2018 Webinars

2018 Webinars

Advancing the Interpretation of Patient-Reported Outcome Data
Joseph Cappelleri (Pfizer), Lisa A. Kammerman (AstraZeneca) & Kathleen W. Wyrwich (Eli Lilly)
February 22

This webinar discusses approaches for interpreting patient-reported outcome (PRO) data that are intended to support labeling and promotional claims or to extend beyond them, for instance, for publications. PRO measures used for claims and publications should have interpretation guidelines that are useful and meaningful to patients in clinical studies. Two conventional ways to interpret PRO scores are anchor-based methods and distribution-based methods. Anchor-based approaches use a criterion measure that is clinically interpretable and correlated with the targeted PRO measure of interest. Examples include reference-based interpretation, content-based interpretation, and responder analysis. Distribution-based approaches use the statistical distribution of the data to gauge the meaning of PRO scores. Examples include effect size, probability of relative benefit, and cumulative distribution functions. In addition, two novel approaches – bookmarking and qualitative explorations – will be featured. We will also discuss the interpretation of PRO data in the presence of missing data and in the context of estimands. Moreover, some regulatory considerations will be highlighted. Illustrations and real-life applications will be given throughout.

Thirty years of Numbers Needed to Treat (NNT): Why They Don't Mean What Many People Think They Do
Stephen Senn (Luxembourg Institute of Health)
March 13

The Wikipedia entry (consulted on 15 February 2018) on NNTs states the following
The number needed to treat (NNT) is an epidemiological measure used in communicating the effectiveness of a health-care intervention, typically a treatment with medication. The NNT is the average number of patients who need to be treated to prevent one additional bad outcome (e.g. the number of patients that need to be treated for one of them to benefit compared with a control in a clinical trial). It is defined as the inverse of the absolute risk reduction. It was described in 1988 by McMaster University's Laupacis, Sackett and Roberts. The ideal NNT is 1, where everyone improves with treatment and no one improves with control. The higher the NNT, the less effective is the treatment.
The article is generally helpful, yet in my opinion the second sentence encourages misunderstanding. NNTs seems to suffer from a problem that P-values have: the take home message for many users is simply wrong.

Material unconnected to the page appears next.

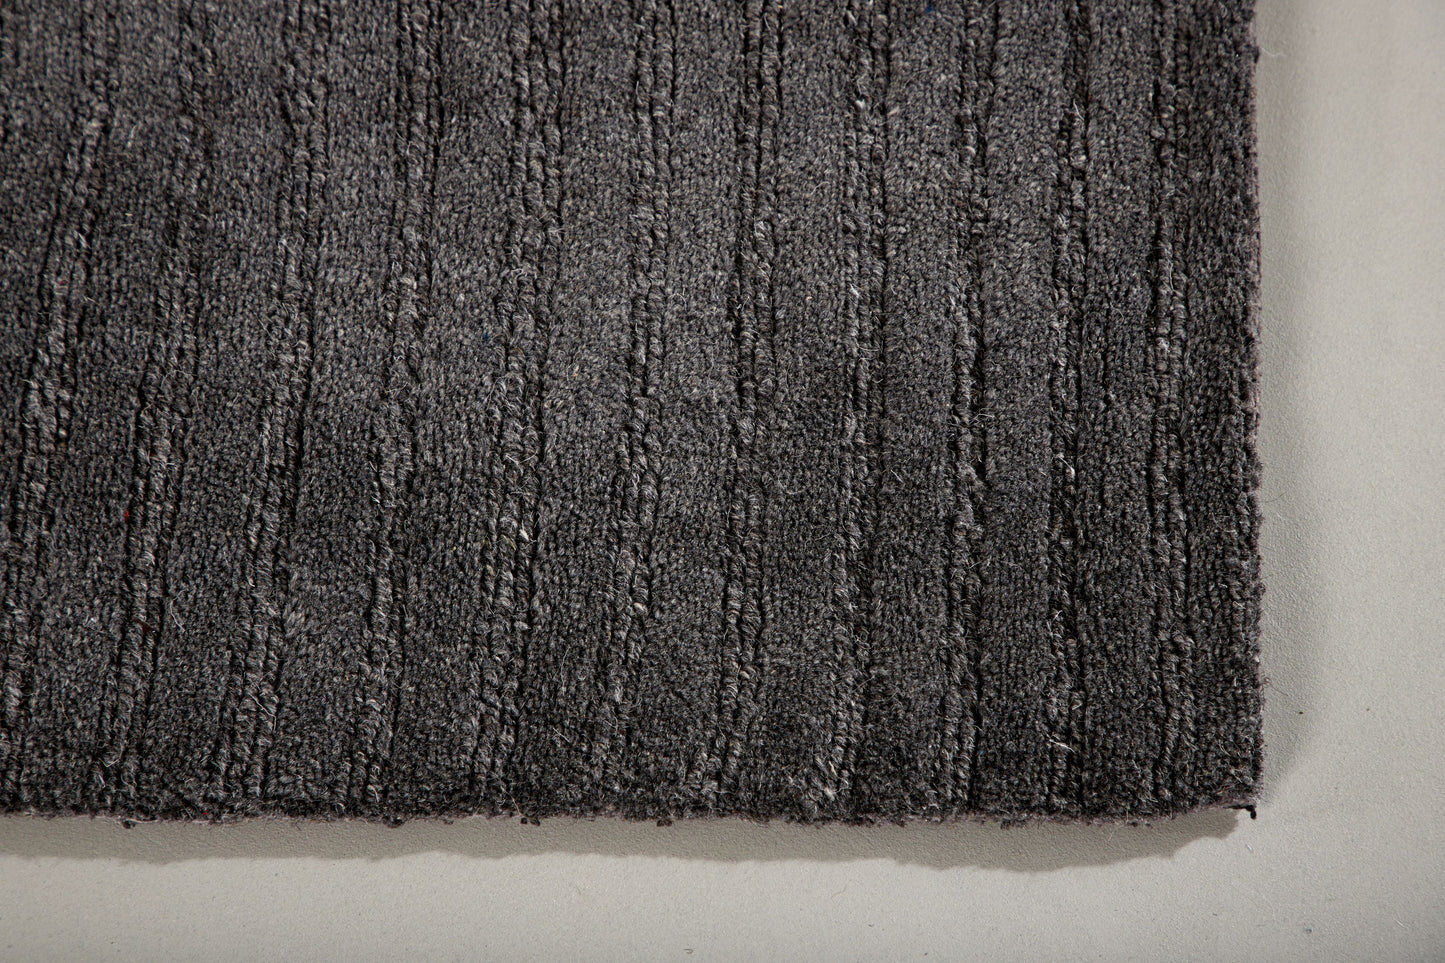 Milton - Gulvtæppe, Uld/polyester/bomuld - 200*70, Rektangulær, Mørkegrå

The problem is not necessarily inherent to NNTs but it is partly a side effect of wanting to calculate them. Many clinical trial outcome measures, for example, are not naturally binary but patients are frequently classified as ‘responders’ or ‘non-responders’ based on either, a dichotomy of a continuous outcome at a given time-point or the dichotomy of a time to event measure at a given time of follow-up. I shall show how both of these cases cause problems.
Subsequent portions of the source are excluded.